Hustlers is a winning crime drama featuring a defining Jennifer Lopez performance
The real life story of the performers from a New York strip club who started fleecing their Wall Street clients boasts a defining performance from Jennifer Lopez while uncovering complex relationships, writes critic Craig Mathieson.
As Ramona Vega, a New York stripper whose ambitions result in illegalities, Jennifer Lopez isn’t just alluring, she’s also armoured. Introduced publicly dancing to Fiona Apple’s ‘Criminal’, and then privately reclining in a fur coat on a rooftop like a goddess on a cigarette break, she is a force of nature. Ramona’s walk is imperious, her gaze unbroken. It’s enough to leverage whoever is watching, whether it’s the film’s audience or its protagonist, Destiny (Constance Wu), a neophyte trawling from table to table who looks at Ramona with quiet awe and soon eagerly becomes her apprentice.
When they first meet in 2007, at a prominent Manhattan strip club, Destiny is already supporting her grandmother, and like Ramona will become a single mother. The fathers, soon to be absent, are like their clients: interchangeable. Lorene Scafaria’s film hews to female characters, professionally and personally. It is a deceptively complex portrayal, putting aside stripper clichés and discarding the camera’s lustfulness, because there’s never a simply connection between the two women. They are friend, colleagues, collaborators in crime, and eventually co-indicted, and one quality never erases any of the others.
Based on The Hustlers at Scores, a vivid 2015 New York magazine article by Jessica Pressler, Hustlers is about personal connection in a transactional world. The backstage scenes of the working women – juiced by musicians Cardi B and Lizzo in supporting roles – establish a genuine camaraderie, but they need the money of Wall Street’s men to make a living, something both sides know; “follow the green brick road,” as Ramona puts it. When Lehman Brothers capsizes in 2008, metastasising the Global Financial Crisis, the women have to adapt. Ramona’s solution, which Destiny acquiesces too, is to reel in clients and drug them before running up their corporate credit cards and splitting the take.
The application of strength, whether professionally (1998’s Out of Sight) or as a survival mechanism (2002’s Enough), has always been central to Lopez’s best performances, which made her years of pursuing mainstream romantic comedies a dead end. Ramona is the most complete performance she’s given, revealing an assurance that can never quite be ruthless. “That’s stolen money,” she reasons, given that the architects of the recession haven’t been punished for their crimes, but the movie doesn’t adhere to the form of a crime movie. It’s about a crime family where the focus is family – Ramona keeps mothering strays, while Destiny finds satisfaction in her maternal leadership.

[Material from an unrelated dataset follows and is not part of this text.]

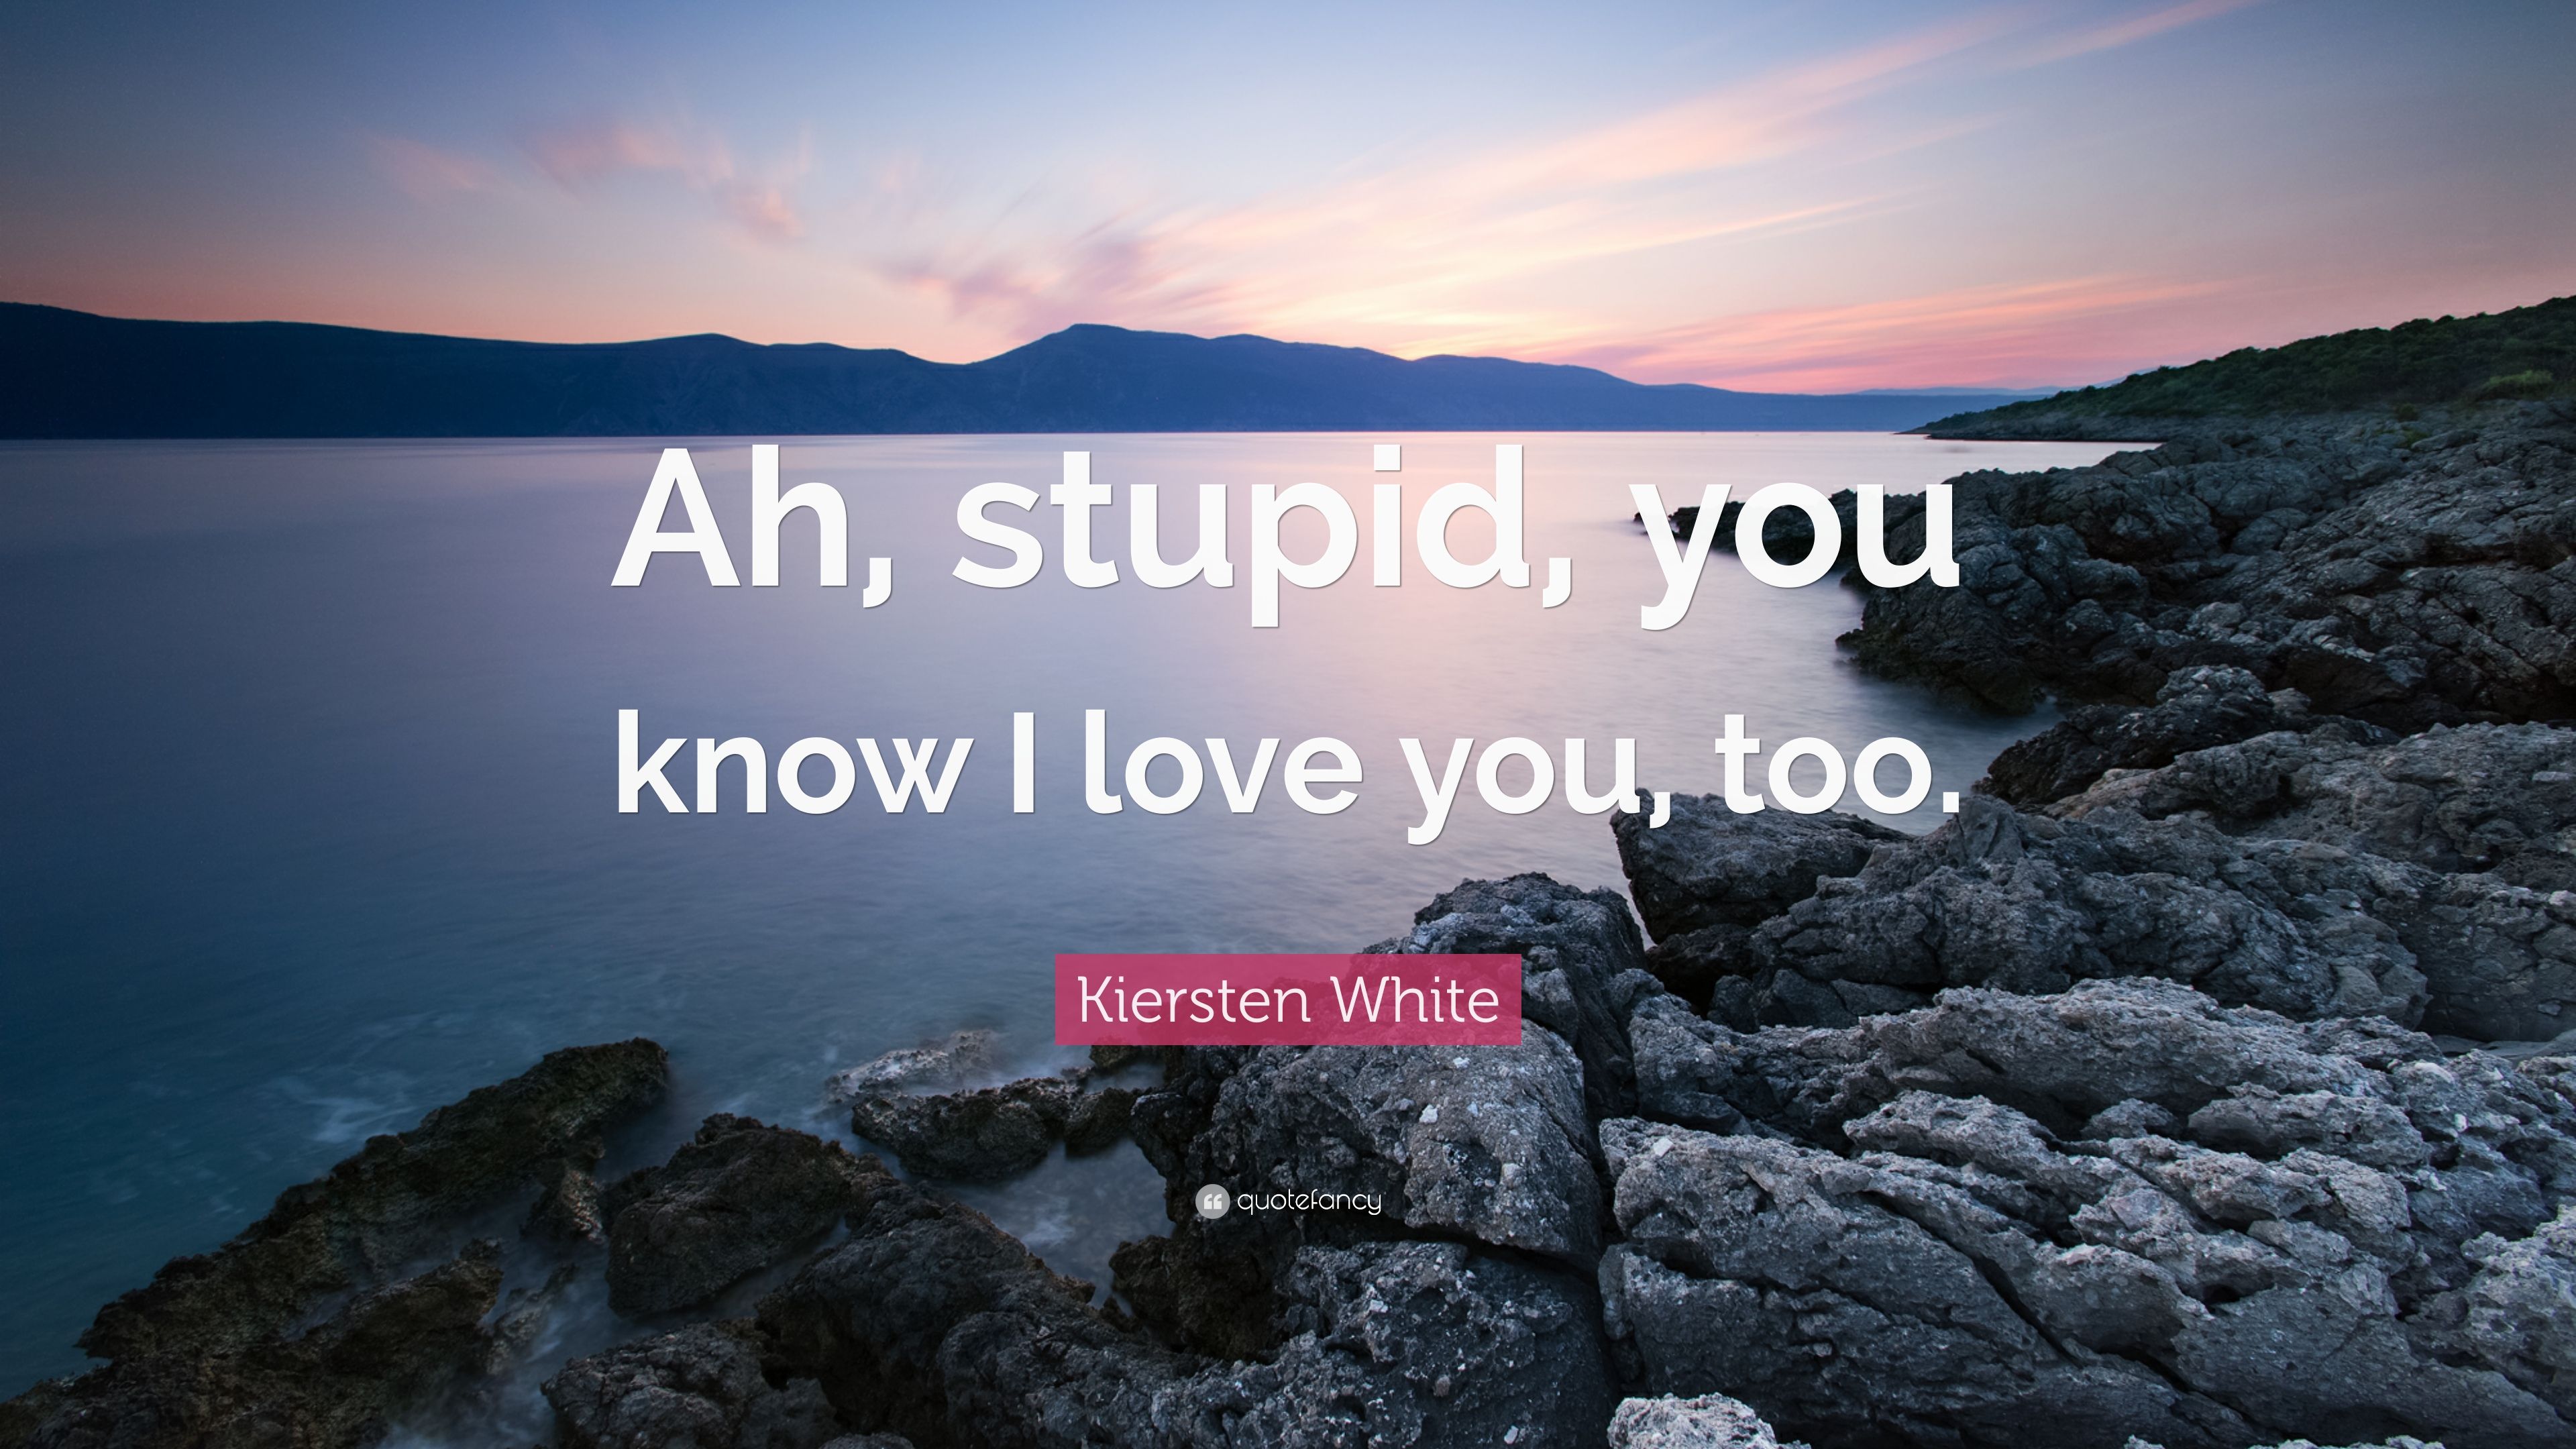 Kiersten White Quote: “Ah, stupid, you know I love you, too.” (7 wallpaper)

In the same way that the lighting and sound change dramatically from one room to the next, the film’s mood adapts to the hopes of these women. Success makes them take too many risks, but even as they finally catch the eye of law enforcement – many of their marks could cover the late-night withdrawals or were too embarrassed to contact police – there’s no cold-blooded retribution to cover their tracks. Hustlers doesn’t accelerate to a finish, it coasts, as if the warm air that keeps them gliding aloft has dissipated. It’s not just a gender flip, it runs deeper and truer with pop music and period leisurewear as emblems. If there’s one thing this film knows, it’s that not everyone can keep avoiding paying the bill.